2. Scanner performs scans of the content uploaded to the SAP NetWeaver technology platform to determine its true type and reports this to SAP systems via the NetWeaver VSI interface. Content scanning protects against possible malicious script content that might be embedded or disguised inside documents.
3. SAP administrators can then set policy according to which actual document types should be allowed.

Workload Security and SAP components

• Workload Security: The centralized web-based management console that administrators use to configure security policy and deploy protection to the agent.
• Agent: A security agent deployed directly on a computer. The nature of that protection depends on the rules and security settings that each agent receives from Workload Security.
• SAP NetWeaver: SAP integrated technology computing platform. The SAP NetWeaver Virus Scan Interface (NW-VSI) provides virus scanning capabilities for third-party products that perform the actual scan. The NW-VSI interface must be activated.
• SAP NetWeaver ABAP WinGUI: A Windows management console used for SAP NetWeaver. In this document, it is used for the configuration of the agent and the SAP NetWeaver Virus Scan Interface.

Enable integration between Workload Security Scanner and SAP NetWeaver

1. Purchase Scanner for your Workload Security account. When the order is complete, you are able to see Scanner in your Workload Security console. To check whether or not Scanner is enabled, open the Computer or Policy editor and go to Settings. You should see a Scanner tab.
2. Check Supported features by platform to see which operating systems support Scanner.
3. Install the agent on an SAP application server running one of the supported operating systems. See Install the agent‌.
4. Add the SAP server to Workload Security and activate the agent on the SAP server. See Add the SAP server to Workload Security and activate the agent.
5. Enable the SAP integration feature in a computer or policy. See Assign a security profile‌.
6. Configure the SAP Virus Scan Interface (VSI) by calling the following transactions.
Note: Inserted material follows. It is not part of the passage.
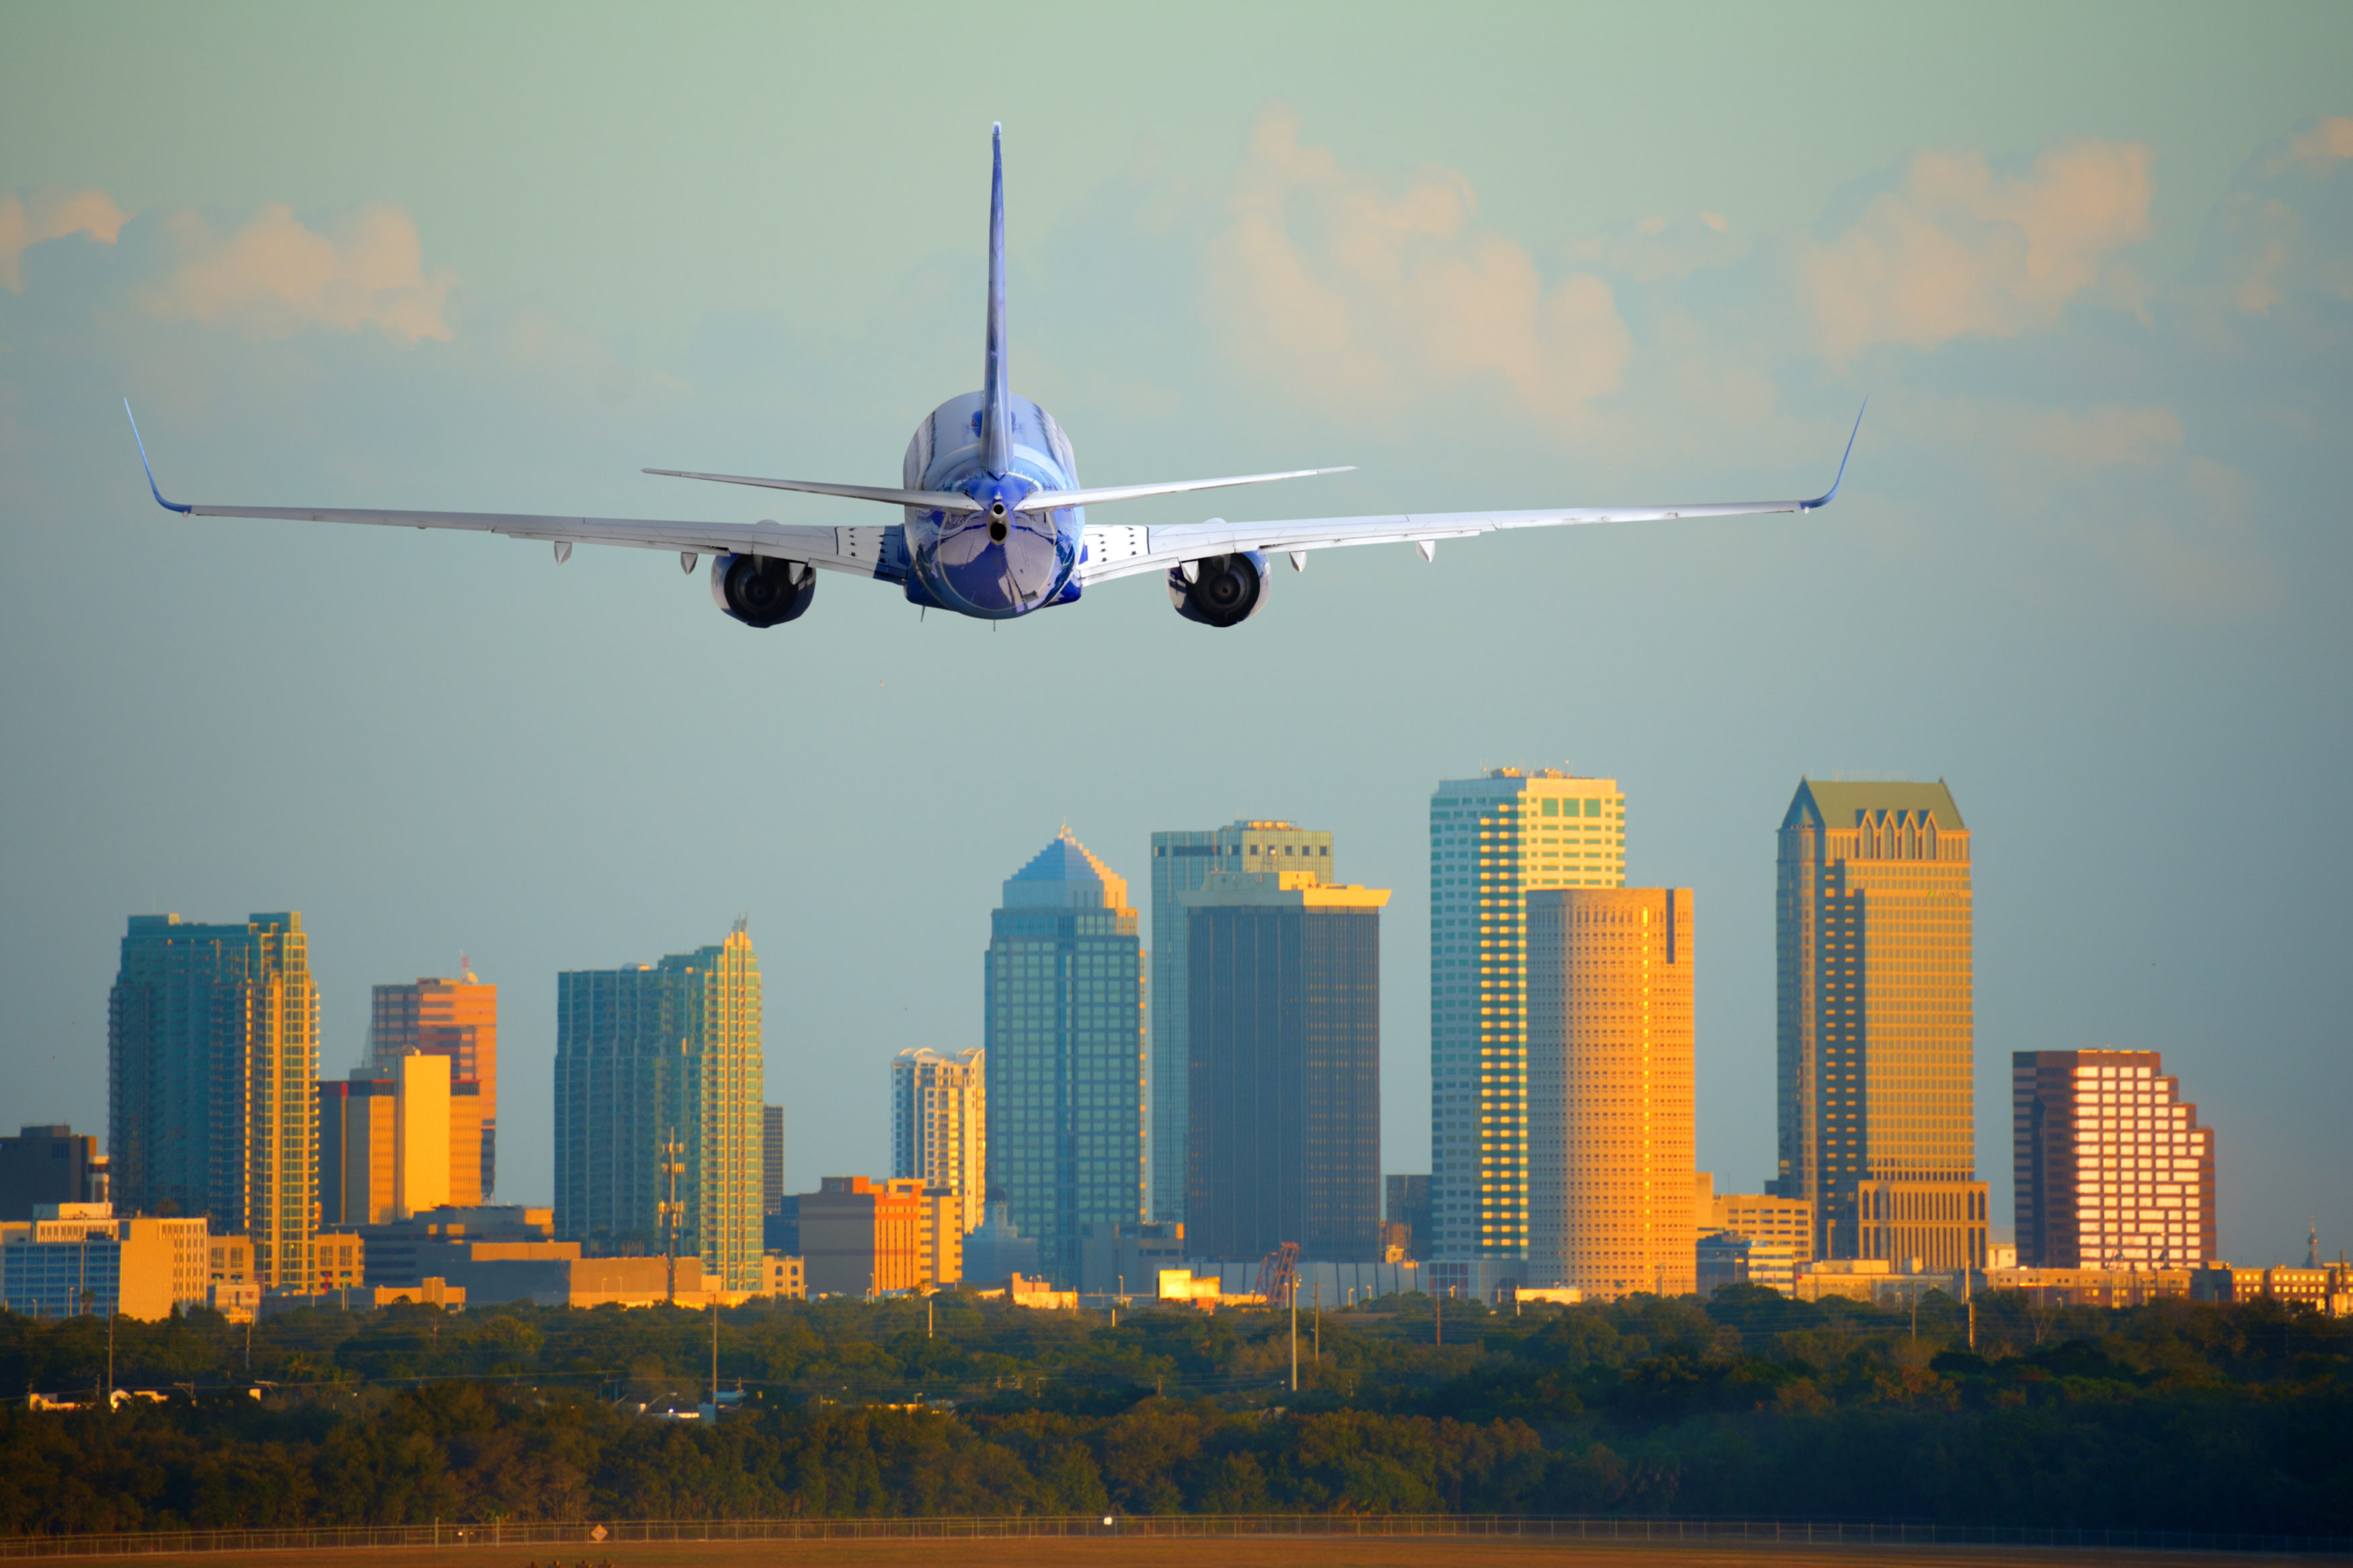 Passenger jet airliner plane arriving or departing Tampa International Airport in Florida at sunset or sunrise

See Configure SAP to use the agent.
   • VSCANGROUP
   • VSCAN
   • VSCANPROFILE
   • VSCANTEST

Install Deep Security Agent

1. Go to the Deep Security software download page and download the agent package for your OS.
2. Install the agent on the target system. You can use rpm or zypper, depending on the OS. In this example, rpm is used by typing: rpm -ihv Agent-Core-SuSE_<version>.x86_64.rpm
3. You should see output similar to what's shown in this example, which indicates that the agent installation is complete:
   

Add SAP server to Workload Security and activate Deep Security Agent

• -a is the command to activate the agent, and
• dsm://managerurl:443/ is the parameter that points the agent to Workload Security. managerurl is the URL of Workload Security, and 443 is the default agent-to-manager communication port.
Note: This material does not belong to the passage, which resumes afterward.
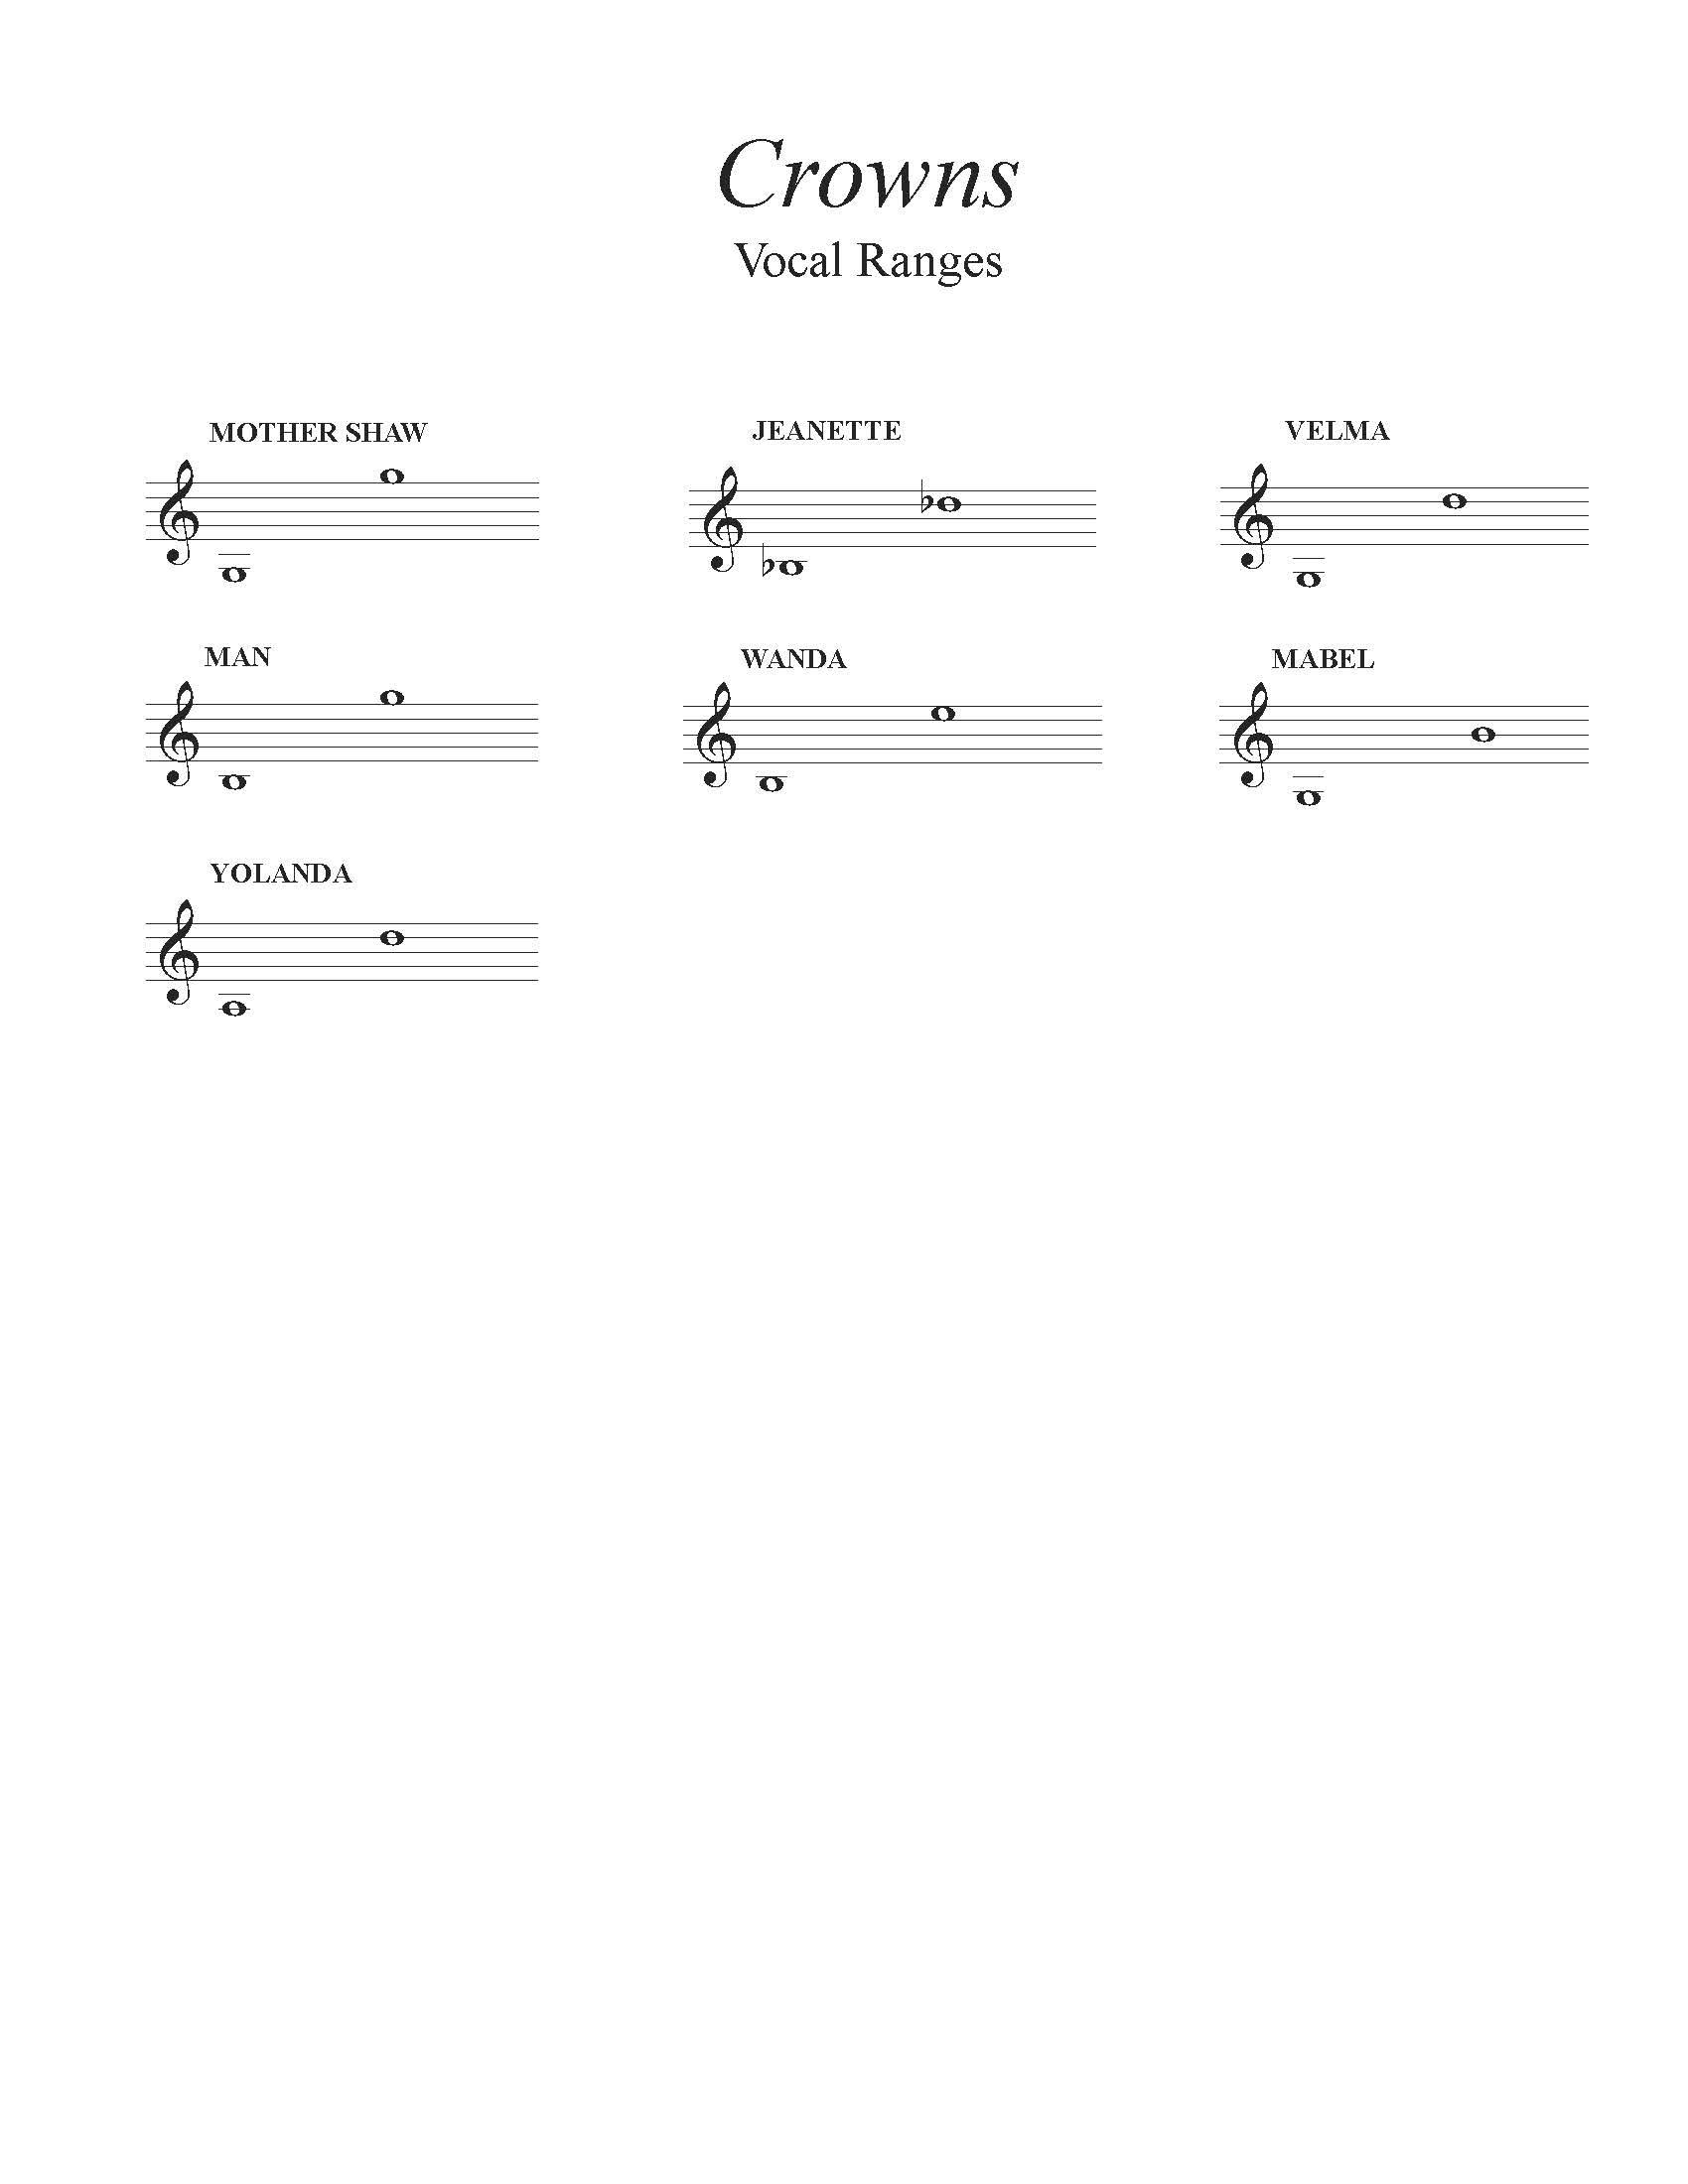 Crowns Vocal Ranges

1. In the Workload Security console, go to the Computers tab.
2. Click the computer name and then click Details and check that the computer's status is Managed.

Assign a security profile

1. In the Computer or Policy editor, go to Anti-Malware → General.
2. In the Anti-Malware section, set Configuration to On (or Inherited On), and then click Save.
   
3. In the Real-Time Scan, Manual Scan, or Scheduled Scan section, set the Malware Scan Configuration and Schedule, or allow those settings to be inherited from the parent policy.
4. Click Save. The status of the anti-malware module changes to Off, installation pending. This means that the agent is retrieving the required module from Workload Security. For this to work, the client needs to access the relay on the relay's listening port number. A few moments later, the agent should start downloading security updates such as anti-malware patterns and scan engines.
5. In the Computer editor, go to Settings → Scanner.
6. In the SAP section, set Configuration to On (or Inherited On), and then click Save.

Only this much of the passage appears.